The full icosahedral symmetry group, denoted I_h, encompasses all orientation-preserving and orientation-reversing isometries that map the regular icosahedron to itself, resulting in a group of order 120.^[18] This group is isomorphic to the direct product A_5 \times \mathbb{Z}_2, where A_5 is the alternating group on five elements corresponding to the rotational symmetries, and the \mathbb{Z}_2 factor accounts for the central inversion or reflection components.^[18] Extending the rotational subgroup of order 60, I_h incorporates 60 additional elements consisting of improper rotations and reflections.^[19] The improper rotations in I_h include six S_{10} axes passing through opposite vertices (each contributing four non-trivial operations) and ten S_6 axes through the centers of opposite faces (each contributing two non-trivial operations), along with the inversion. The reflection elements comprise 15 mirror planes, each passing through the midpoints of four edges of the icosahedron, ensuring the full symmetry accounts for all rigid motions including those that reverse orientation.^[4] As a reflection group, I_h is generated by reflections across the planes of a fundamental domain, corresponding to the Coxeter group H_3 with Coxeter-Dynkin diagram consisting of three nodes connected by edges labeled 5 and 3 (denoted as [5,3] or visually as \circ -5- \circ -3- \circ).^[20] The Wythoff symbol for the icosahedron under this symmetry is $5 \mid 2\ 3, reflecting the kaleidoscopic construction from the mirrors with dihedral angles \pi/5, \pi/2, and \pi/3.^[21] The binary icosahedral group serves as the double cover of the rotational subgroup I within the special unitary group SU(2), providing a 120-element representation that lifts the projective symmetries of the icosahedron to the universal cover of the rotation group SO(3).^[22]

Isometries and chirality

The isometries of the regular icosahedron include both proper rotations and improper transformations such as reflections. The proper rotations are generated by 72° rotations around axes passing through opposite vertices, among other orders. An explicit 3×3 rotation matrix for a 72° rotation around a vertex axis in the triplet representation of the icosahedral rotation group, using the golden ratio \phi = \frac{1 + \sqrt{5}}{2}, is given by

T_3 = \frac{1}{2} \begin{pmatrix} 1 & \phi & 1 \\ \phi & -\phi & 1 \\ 1 & \phi & -1 \end{pmatrix},

which satisfies T_3^5 = I and represents an element of order 5 in the alternating group A_5 \cong I.^[23] A conjugate representation in the triplet $3' is

T_{3'} = \frac{1}{2} \begin{pmatrix} -\phi & -1 & \phi \\ 1 & \phi & 1 \\ \phi & -1 & -\phi \end{pmatrix}.[23]

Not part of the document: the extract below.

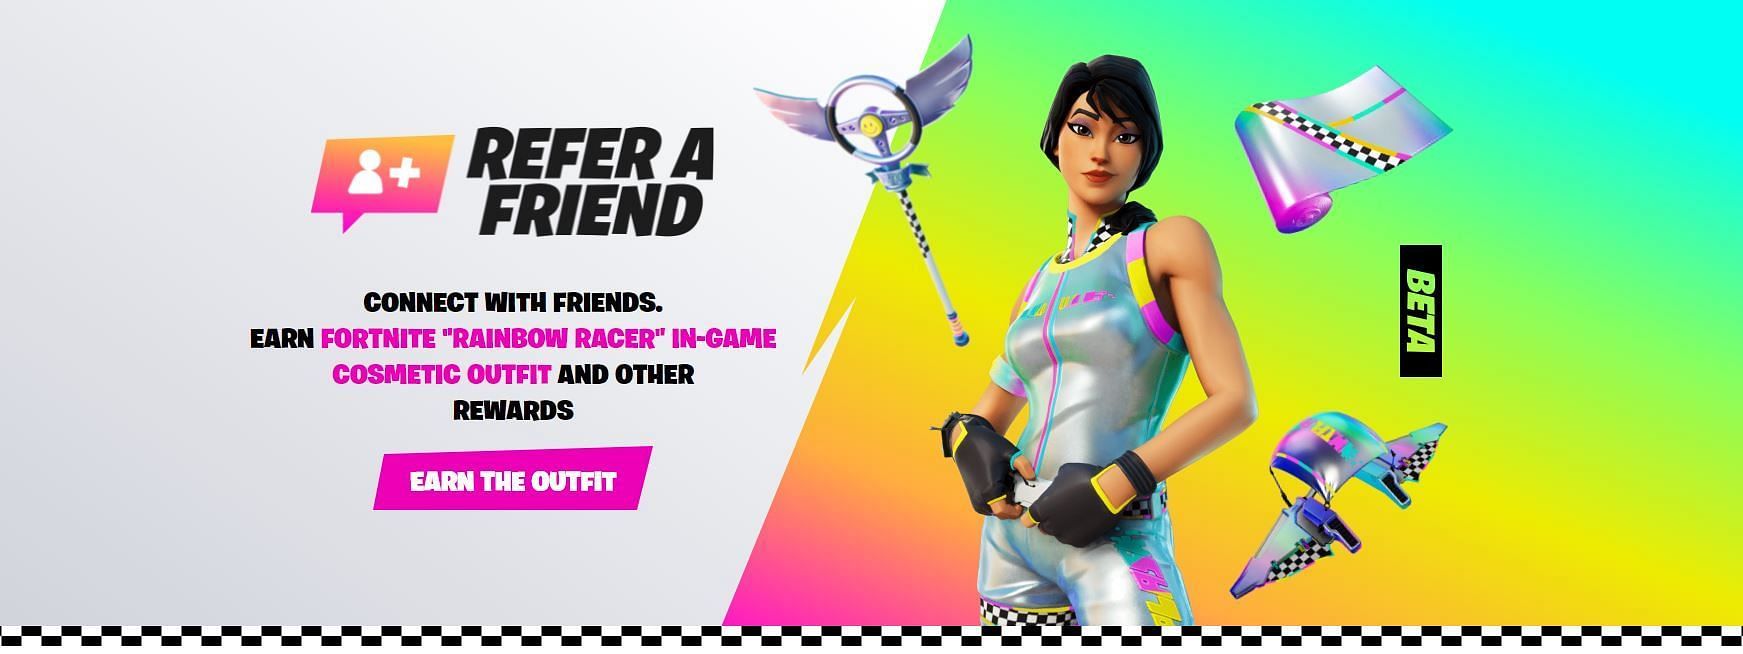 The Refer A Friend program is easy to join. (Image via Epic Games)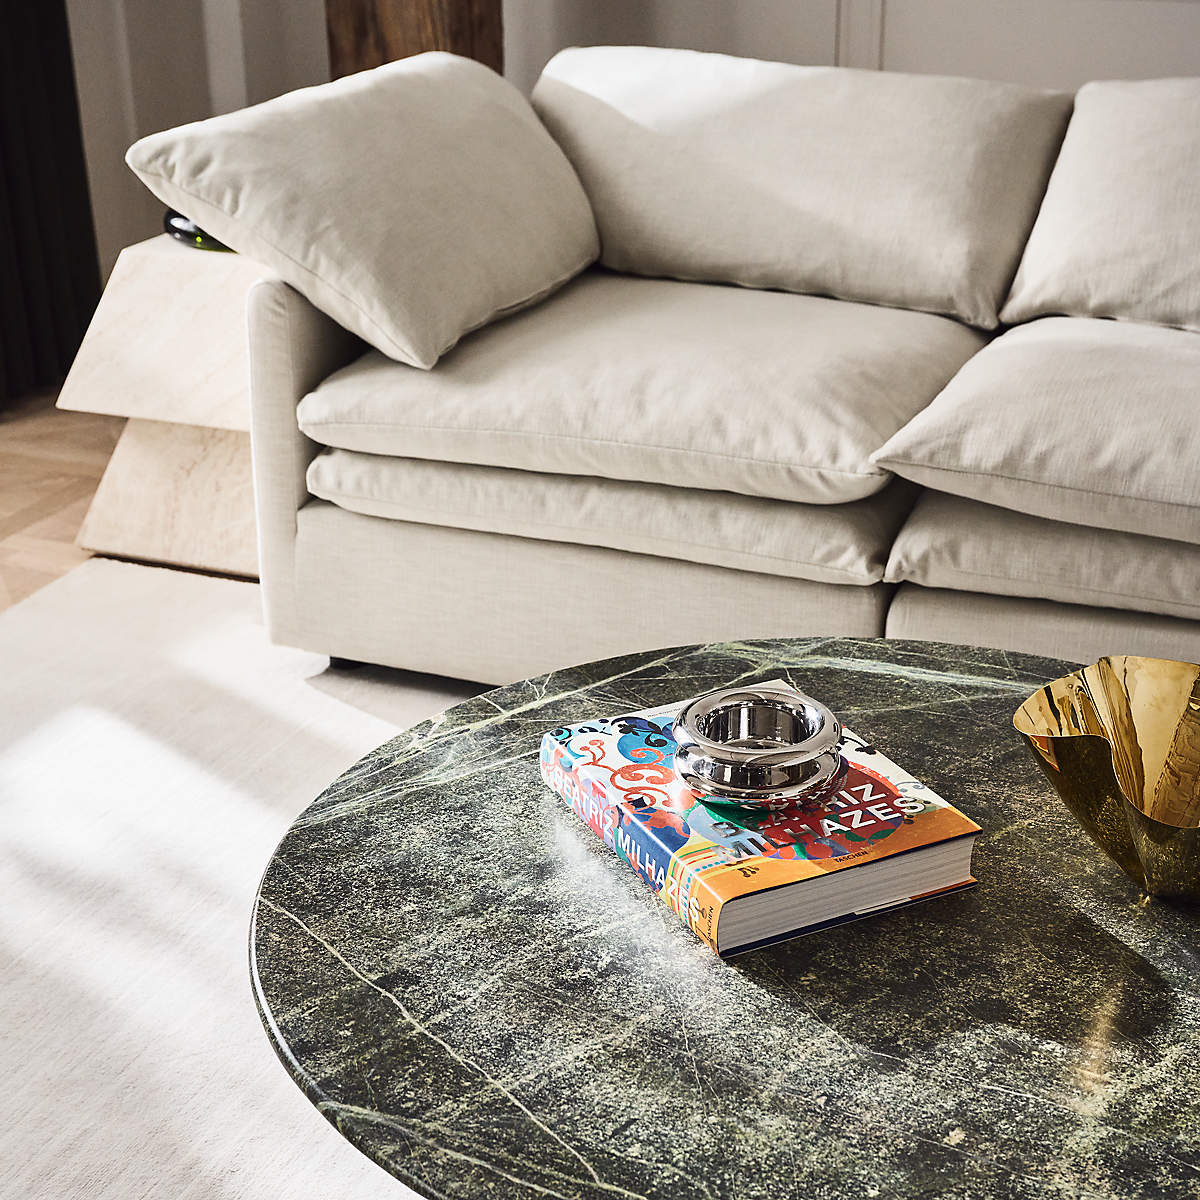 Colorful coffee table book on green marble table

These matrices arise from the geometric embedding of the icosahedron and capture the 5-fold symmetry inherent to its vertex structure.^[23] The full icosahedral symmetry group I_h incorporates 15 reflection planes as improper isometries. Each of these planes passes through the midpoints of four edges of the icosahedron, ensuring the reflection maps the polyhedron onto itself while reversing orientation.^[4] The rotational subgroup I of order 60 is chiral, lacking reflection symmetries, which gives rise to enantiomorphic pairs of icosahedra: left-handed and right-handed forms that are mirror images but non-superimposable by any rotation alone.^[24] These pairs are interconverted only by the improper isometries of I_h, such as the reflections described above. The fundamental domain for the action of I on the sphere is a spherical triangle with angles \pi/2, \pi/3, and \pi/5, covering 1/60 of the total surface. For the full group I_h, the fundamental domain is half of this triangle due to the additional reflections. In orbifold notation, the rotational symmetries correspond to [3,5]⁺, while the full group including reflections is [3,5].^[25]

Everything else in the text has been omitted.